BRIEF: Return the run of lines below that opens with the line containing "3d tapete stein" and closes with the line containing "Majestic Cafe, Porto - Stock Image", keeping each one exact.

SUPPLIED RECORDS:
- - - - -
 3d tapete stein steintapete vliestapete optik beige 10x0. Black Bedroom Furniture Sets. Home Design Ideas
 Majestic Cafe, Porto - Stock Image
- - - - -
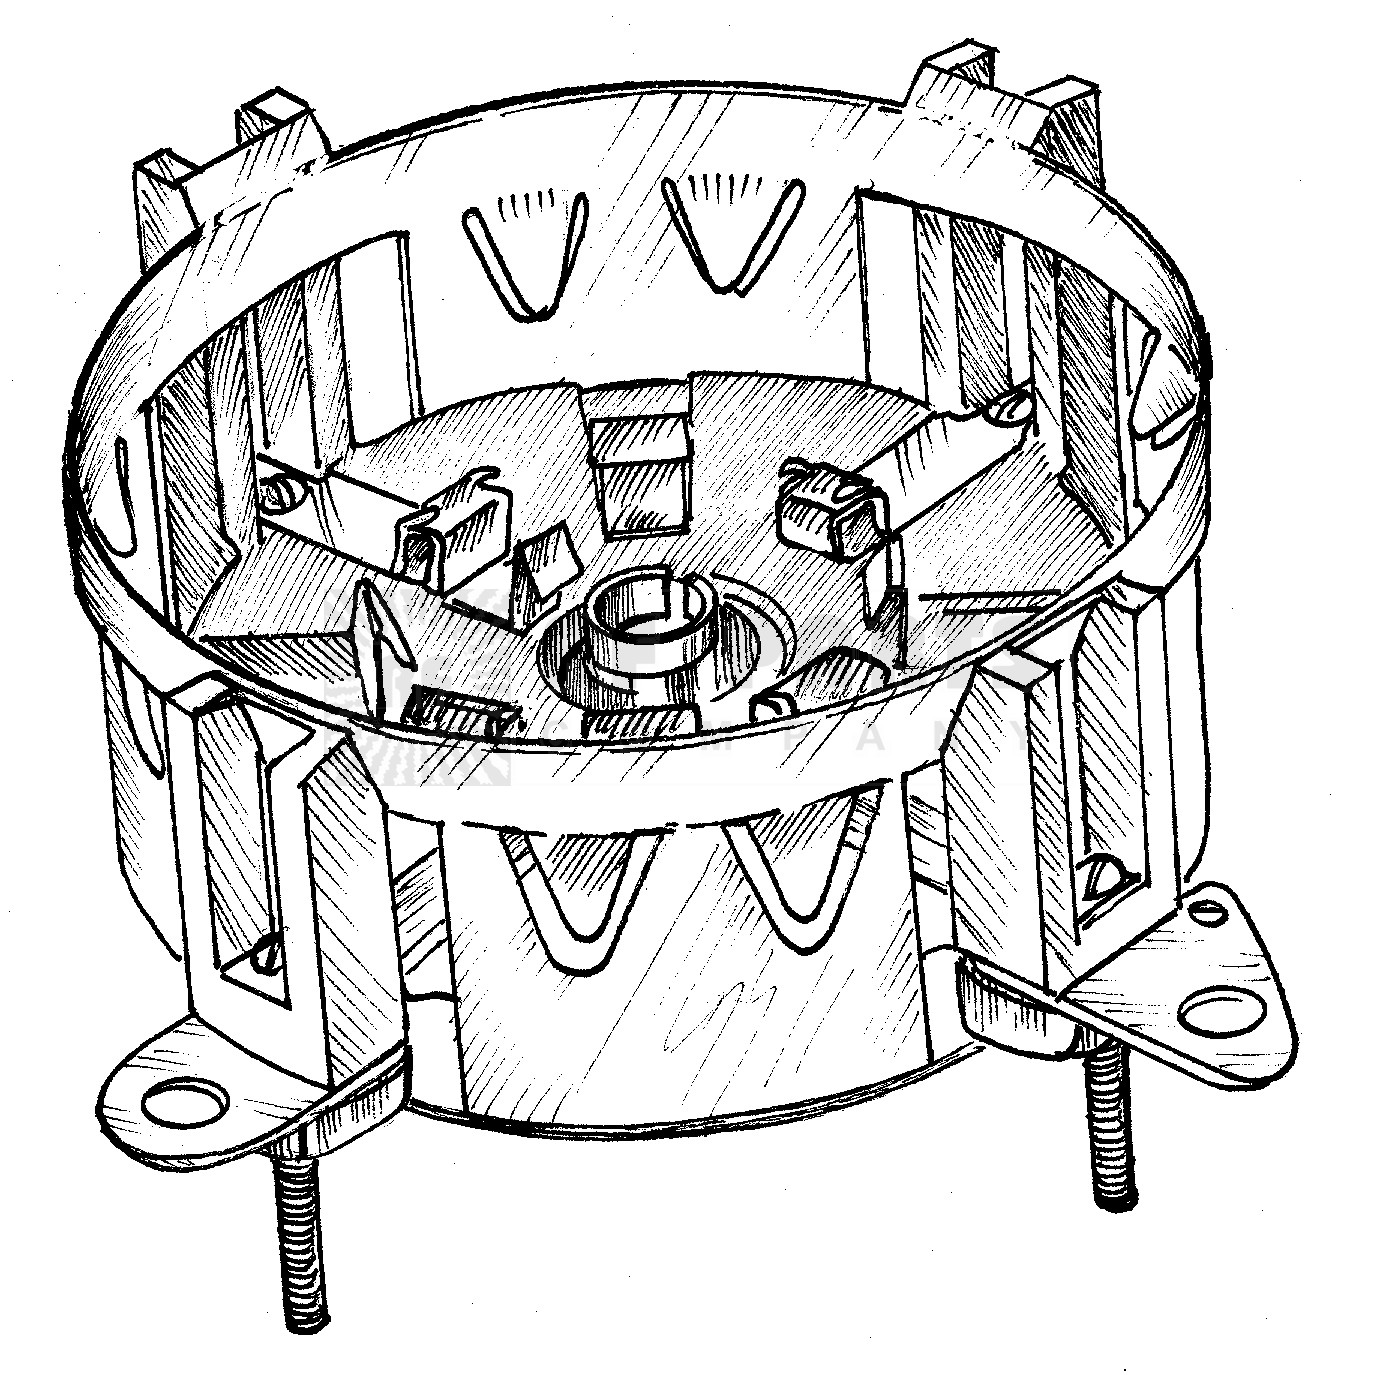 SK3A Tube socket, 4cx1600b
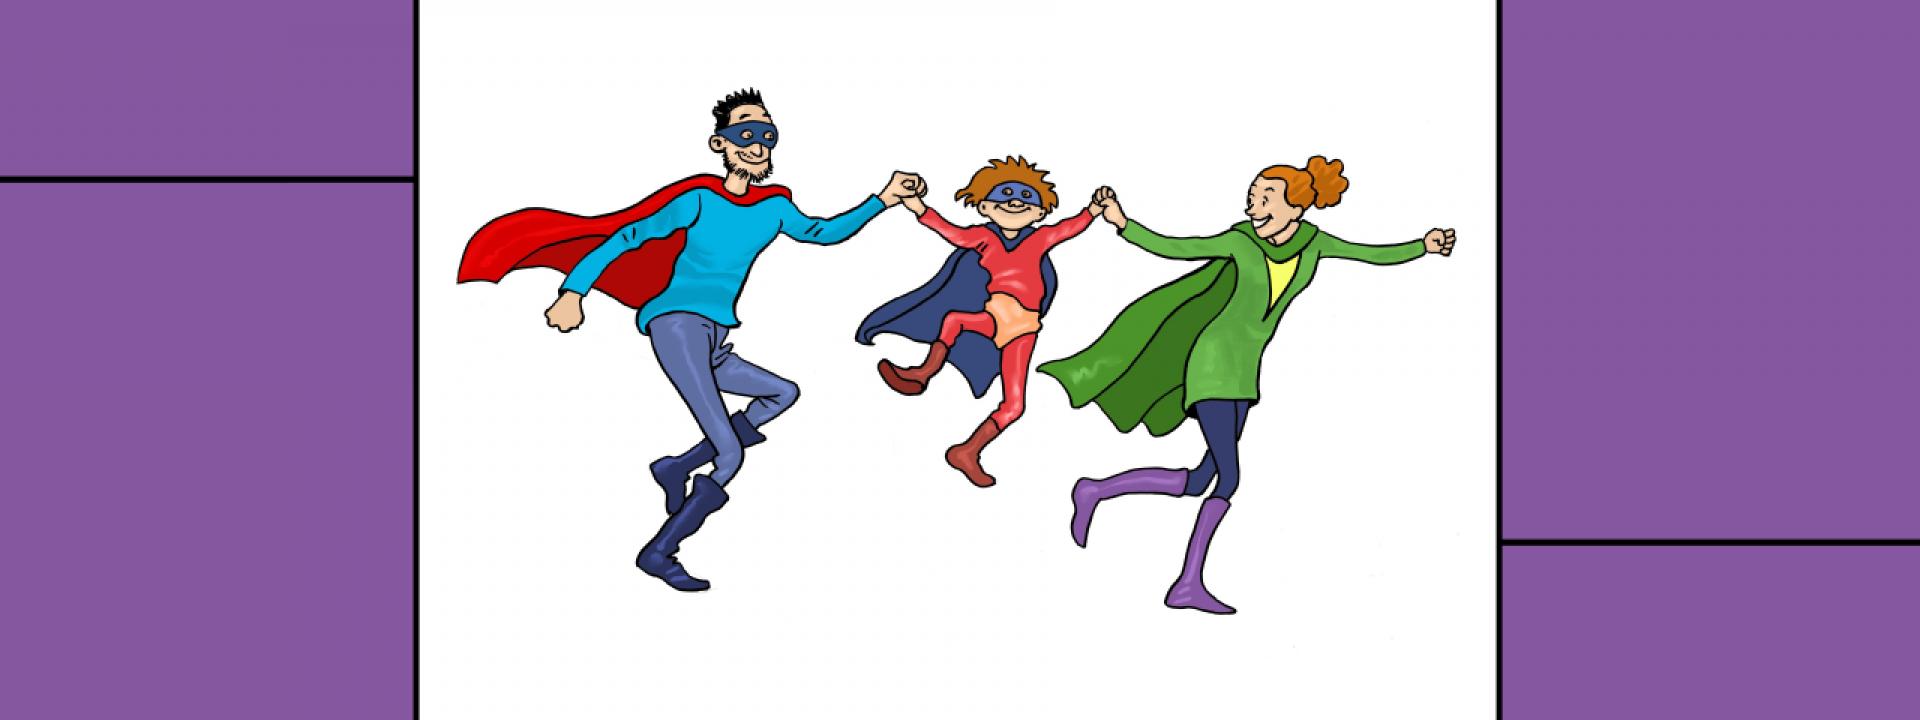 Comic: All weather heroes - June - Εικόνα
- - - - -
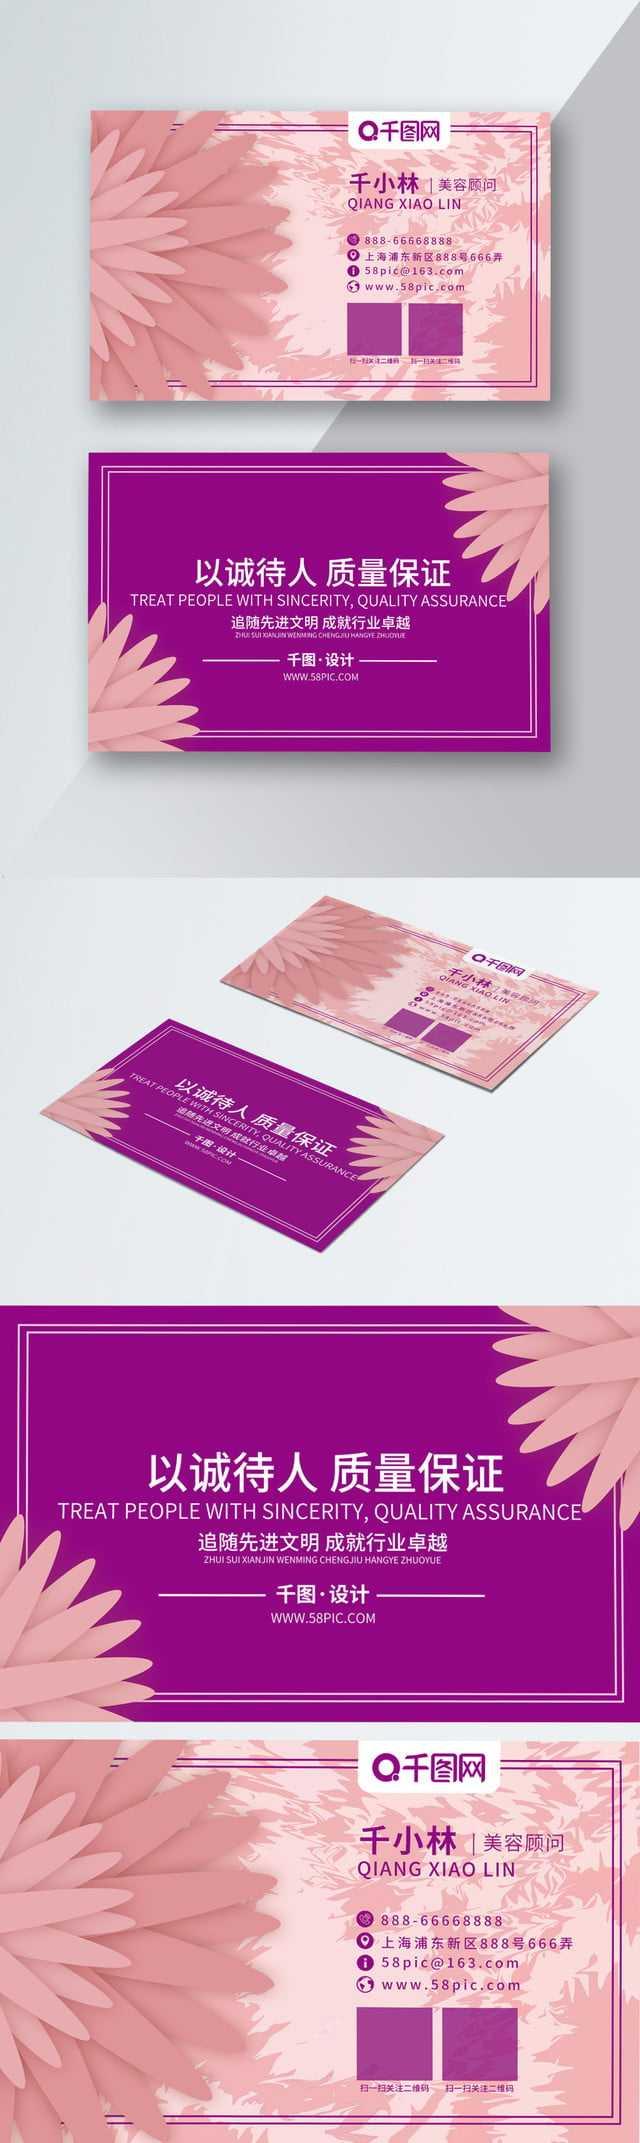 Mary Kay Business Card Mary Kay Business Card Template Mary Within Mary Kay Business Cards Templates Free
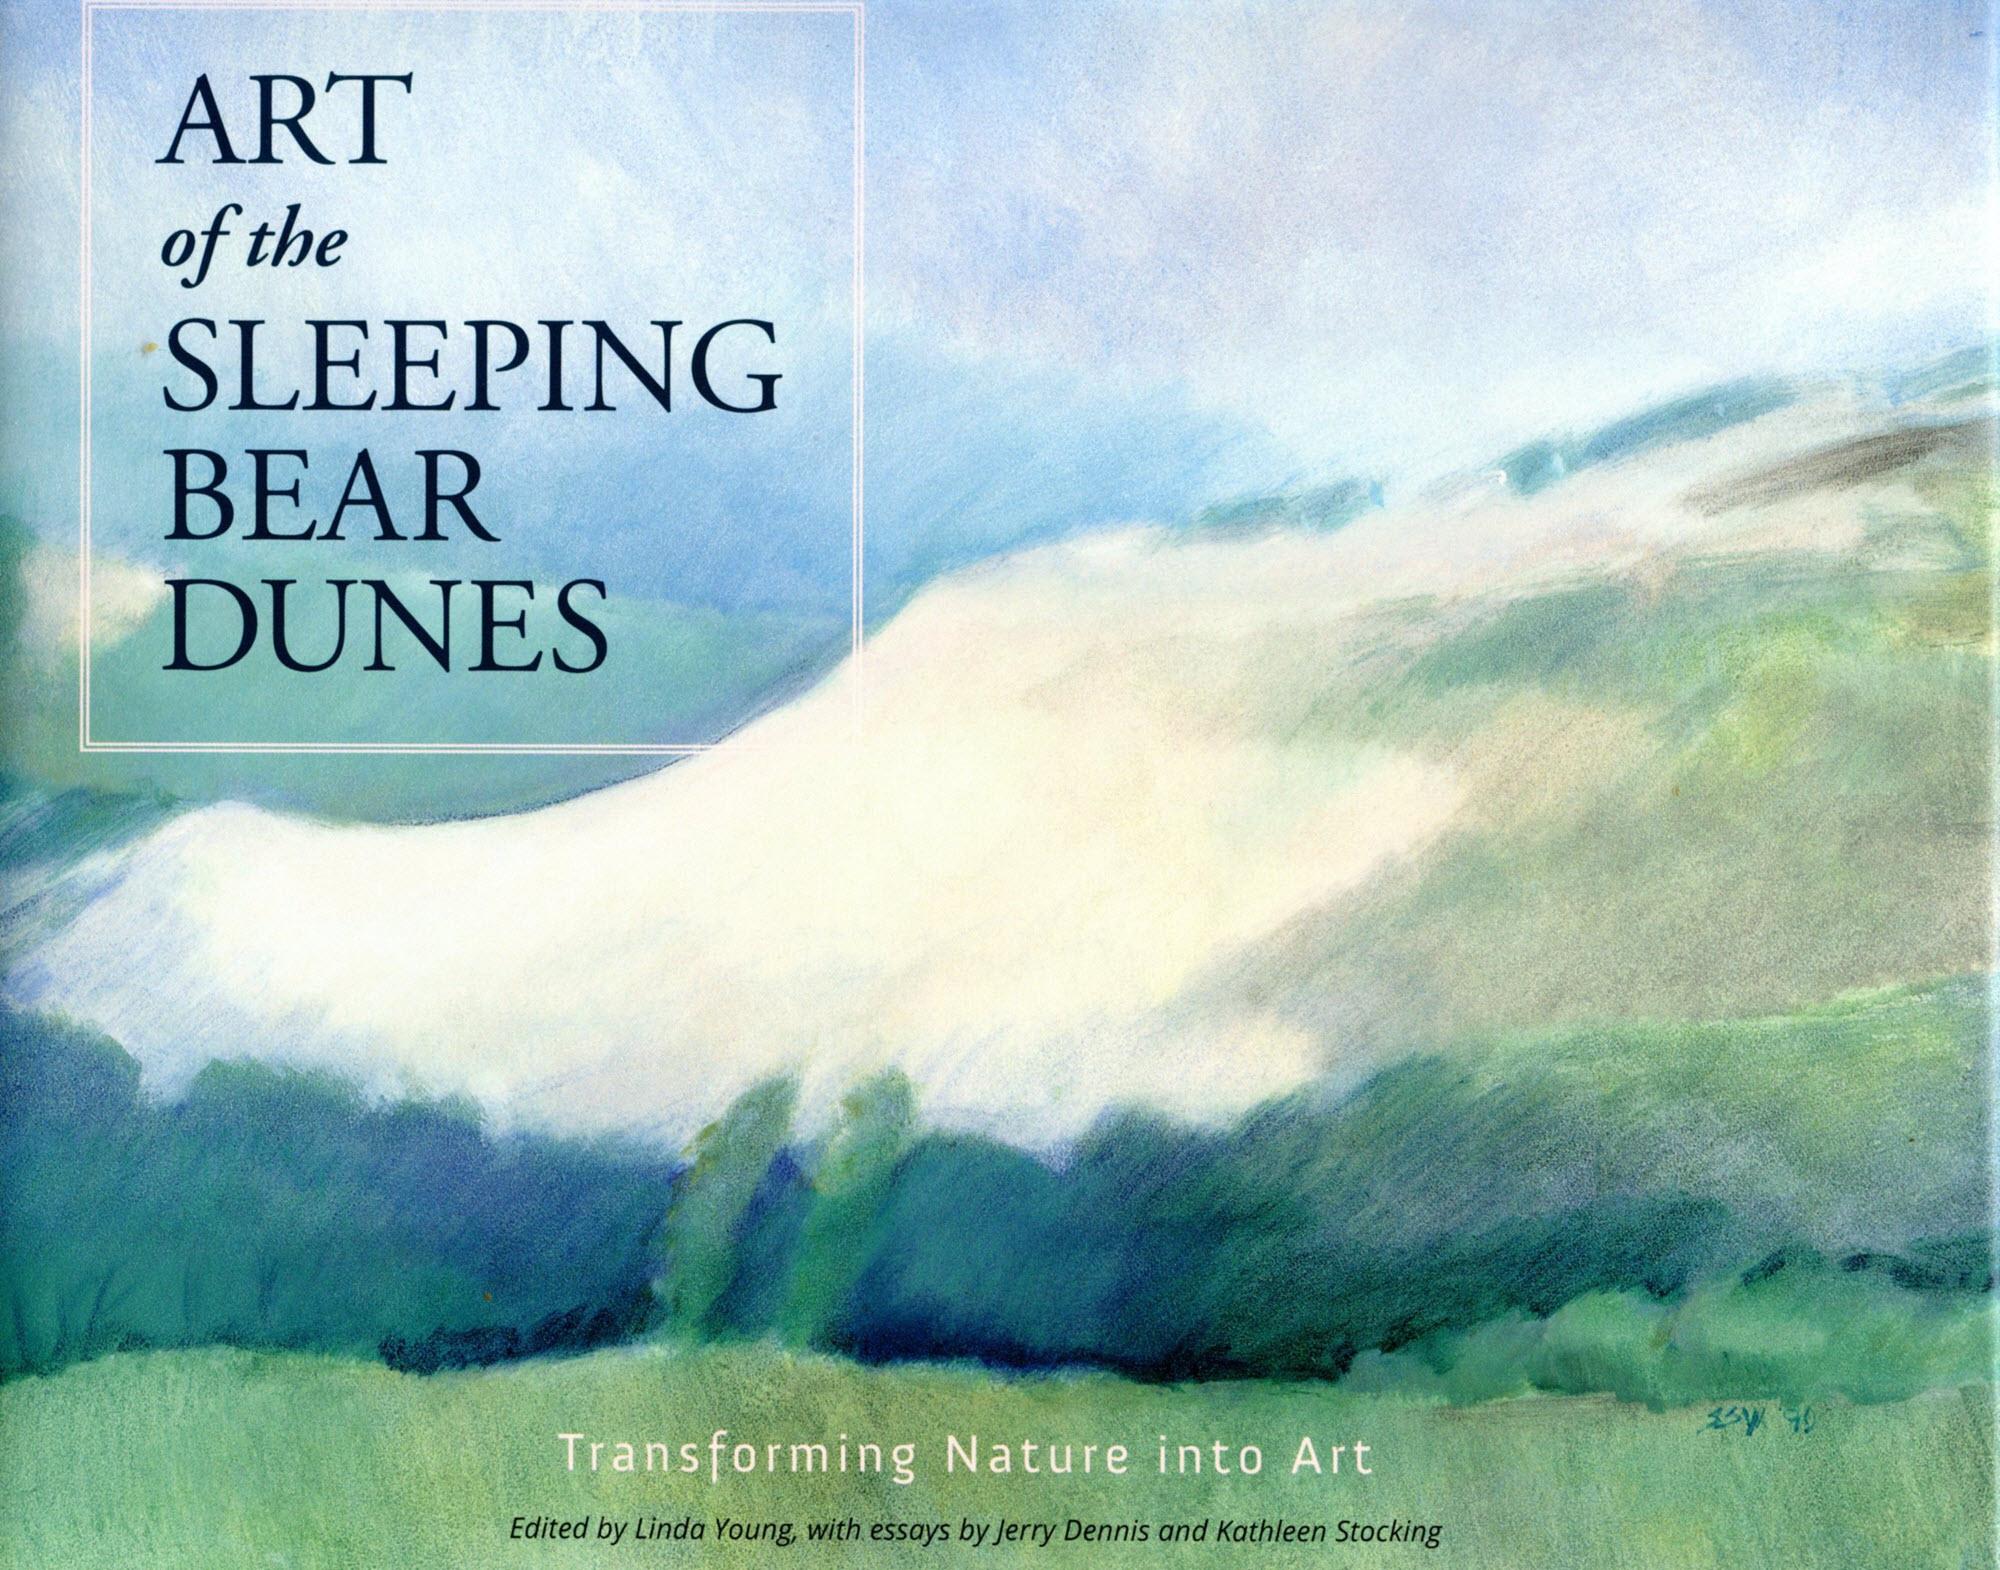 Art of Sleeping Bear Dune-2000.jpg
- - - - -
TASK OUTPUT:
 3d tapete stein steintapete vliestapete optik beige 10x0. Black Bedroom Furniture Sets. Home Design Ideas
 Majestic Cafe, Porto - Stock Image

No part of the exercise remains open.